For us, that is something that we are laser-focused on.

One of the ways that we can help customers is by bringing people and our consulting organisation to bear, because they have the expertise from having done this before. They have designed these programmes before, so we get them to work with our customers. There are two benefits there: one, there is a technology benefit because of the size and breadth of SAS. Secondly, when SAS employees show up at the customer’s site, they bring the knowledge and some of our company culture, and I would like to think that that rubs off and makes the company a little bit of a better place. That, I think, is the 30,000-foot view.

One important question you raised was how to convince the CFO. Too often, I see big analytical projects that companies want to kickstart that do not have a C-level executive sponsor. So, the first step internally is to go and find that sponsor, and make sure that they understand and know why we are going to solve this problem, and that there is a measurable benefit to the company.

How do you think SAS, as well as the analytics industry as a whole, is going to take shape over the next 5-10 years?

I think we are going to see humans being taken more out of the loop when we think about decisioning.
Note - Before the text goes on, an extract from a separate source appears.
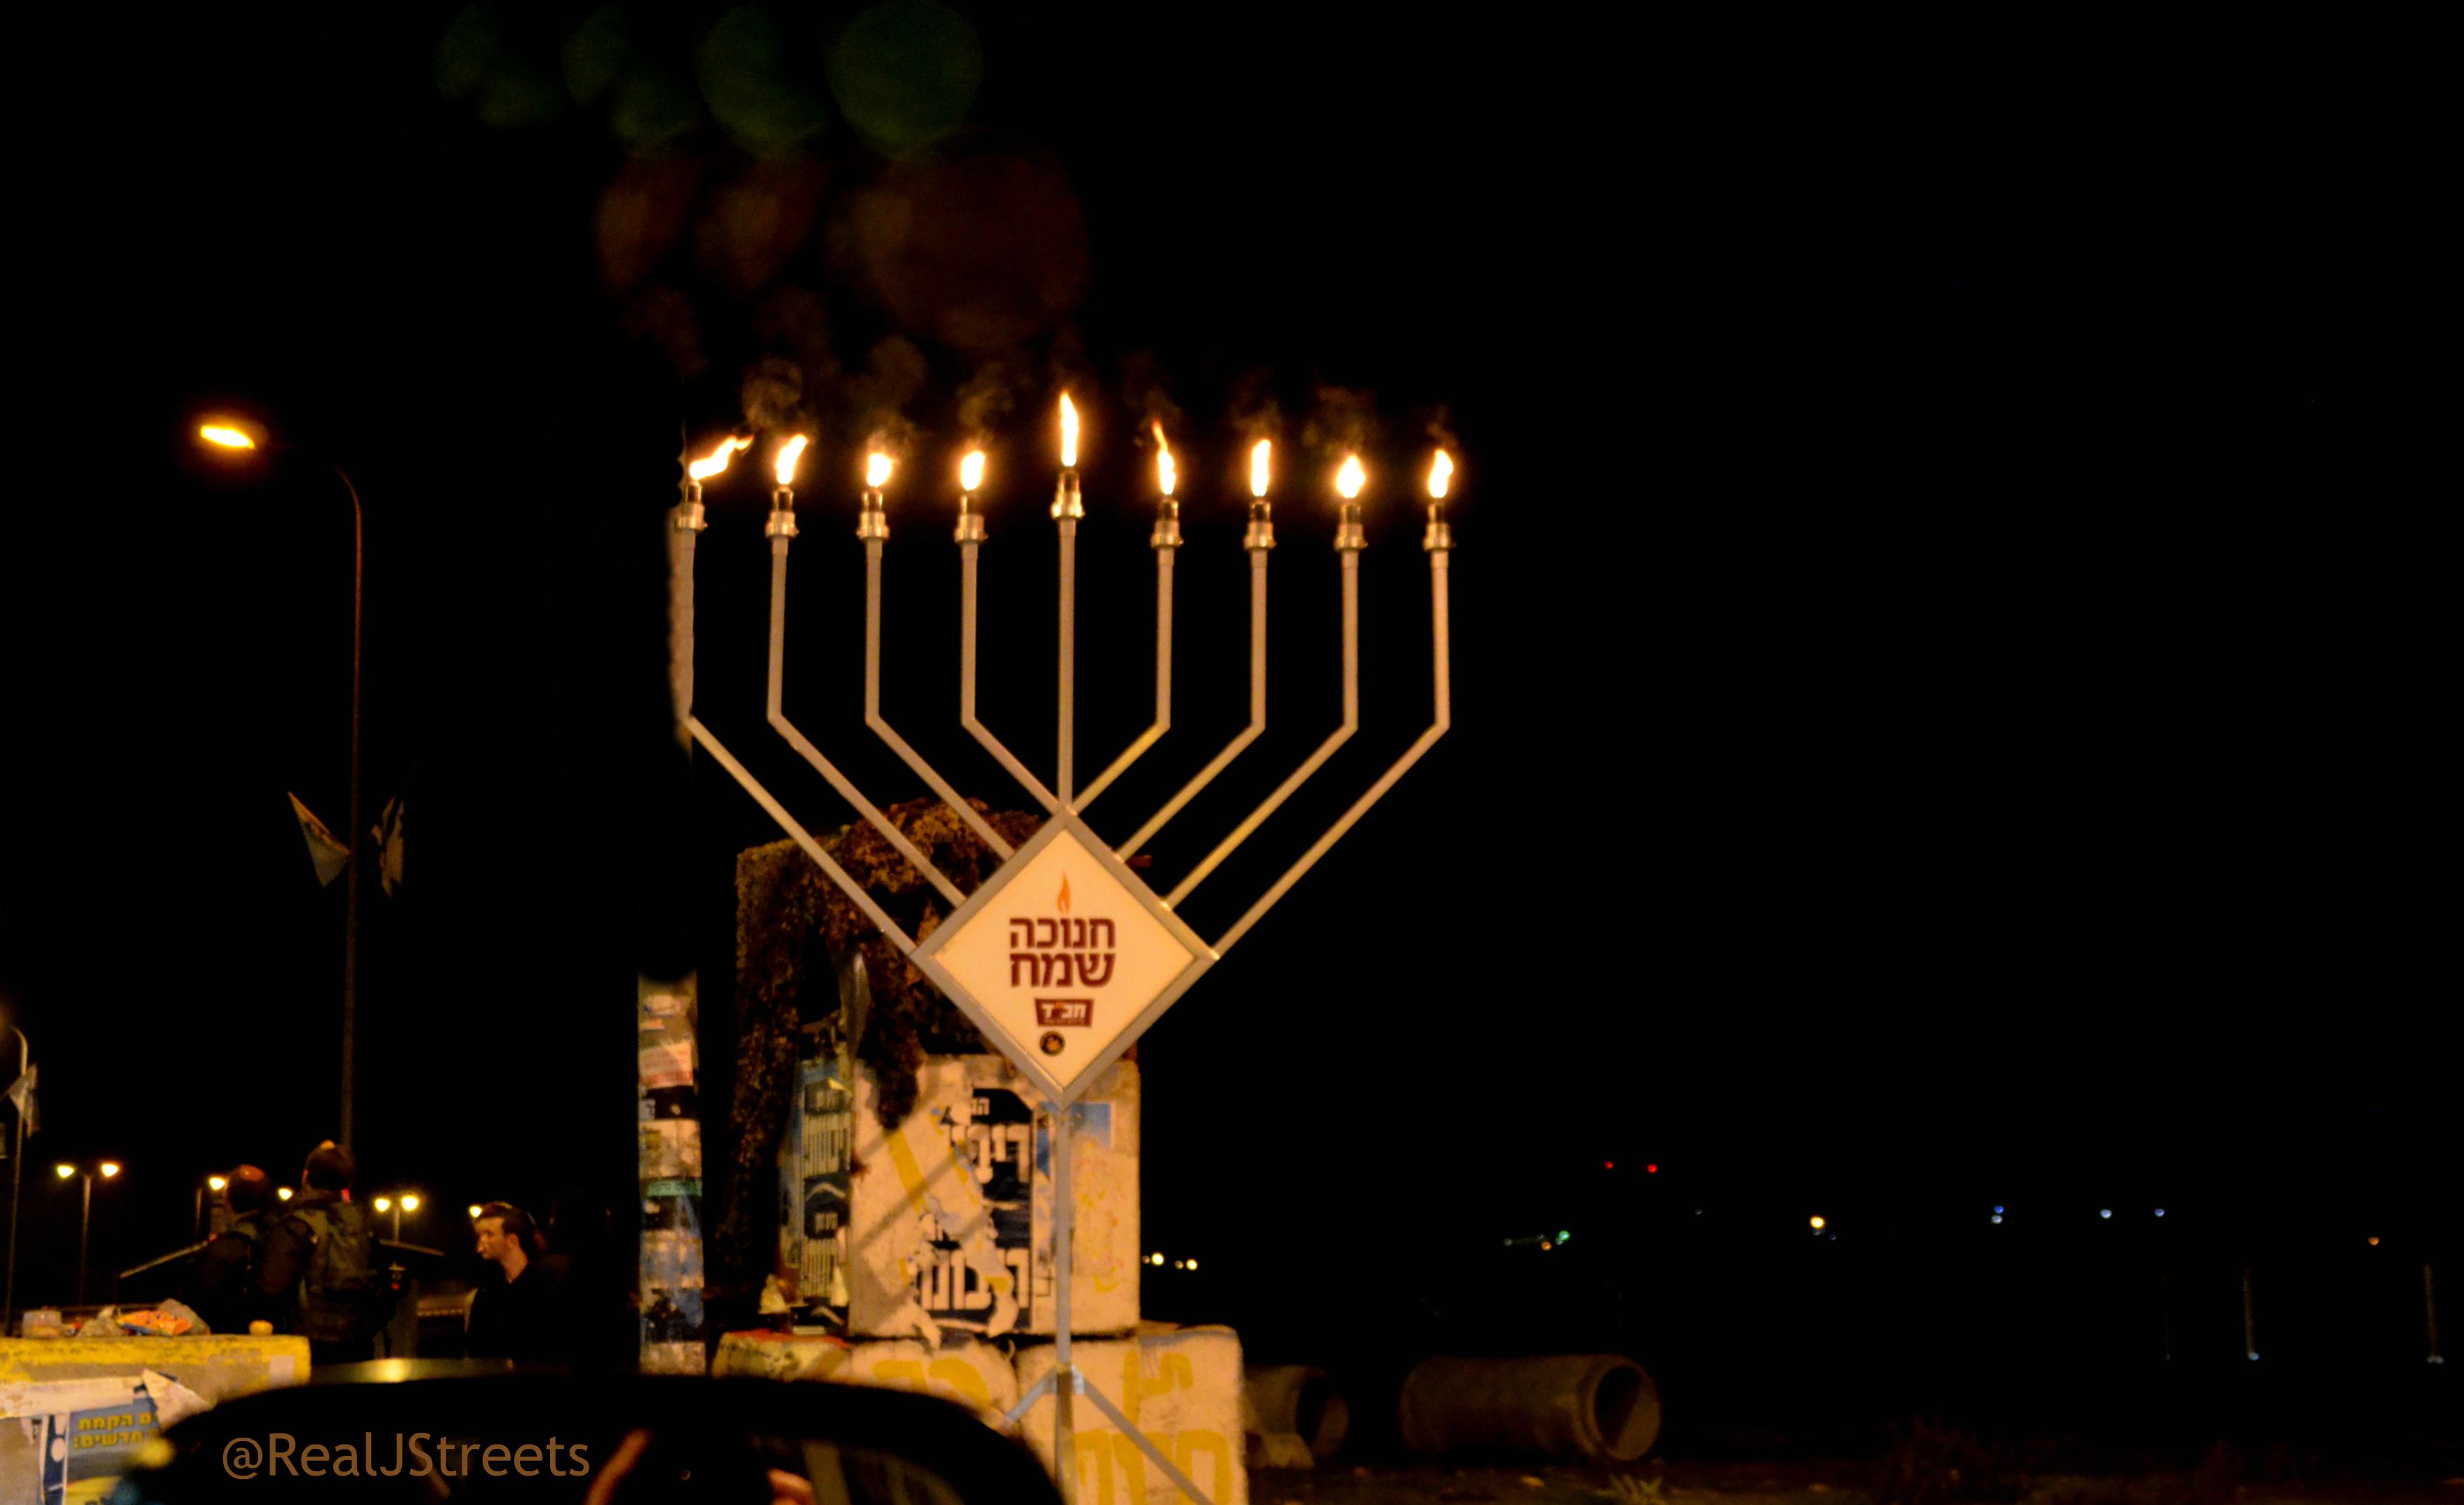 Gush Chabad chanukia

Going forward, the analytical landscape is going to mature so much that we are going to automate so much more from a decisioning and analytics perspective. This means that our knowledge workers can then go and focus on what they are good at — being creative and solving problems. That, to me, is exciting.

We are also going to see huge increases in actual direct investment in areas of innovation such as privacy by design, security by design, and ethics by design. As we start trusting computers and AI models to make decisions for us, we need to know why, and make sure there is some explainability there on what led to that decision happening. Quantum computing is one of those things that for me, quite frankly, is still a little bit out there. As a research area it excites me, with just the sheer size and power of compute, and how it will completely change the way and speed at which we can solve problems. 

There is also edge computing in IoT. There is a lot to talk about for IoT, and I think as an industry, we are just scratching the surface.

But when we think about running true analytics at scale on the edge, I do not see enough organisations either thinking that far enough that way, or actually being able to execute in that way.

I think cloud providers are also going to really drive innovation across the industry, and I view that as a good thing. When you look at Google trying to continue to capitalise on this market, they are going to pour billions in investment there.

Lastly, although it is not necessarily a technology topic, we are going to continue to invest heavily in education, because I think we have an obligation to teach the next generation of critical thinkers, statistical thinkers, and people who are coming up and understanding the power of data analytics. That is a palace outside of pure technology innovation that SAS is going to continue to invest in, and we have an obligation there, in my opinion.

You mentioned that we are barely scratching the surface of analytics at the edge. In your opinion, what is setting the limit for us? Is it a compute limit, network problem, or lack of use cases?

I do not think it is a network or compute problem. I am dealing with a large manufacturer right now here in the United States, and they are deploying analytics on the edge with sensors in every machine they have in every plant in the US. They are a huge company, and that is a size and scale challenge. When you are looking at managing that many models, sensors, and devices all at once, it is a whole different scale. They are deploying tens of thousands of models in real-time. That is a different problem than just pushing out a handful of sensors out at the edge. For me, we are solving for scale there, and we are solving for operational rigour which someone like a manufacturer would expect. Those have been some of the limiting factors that we have seen.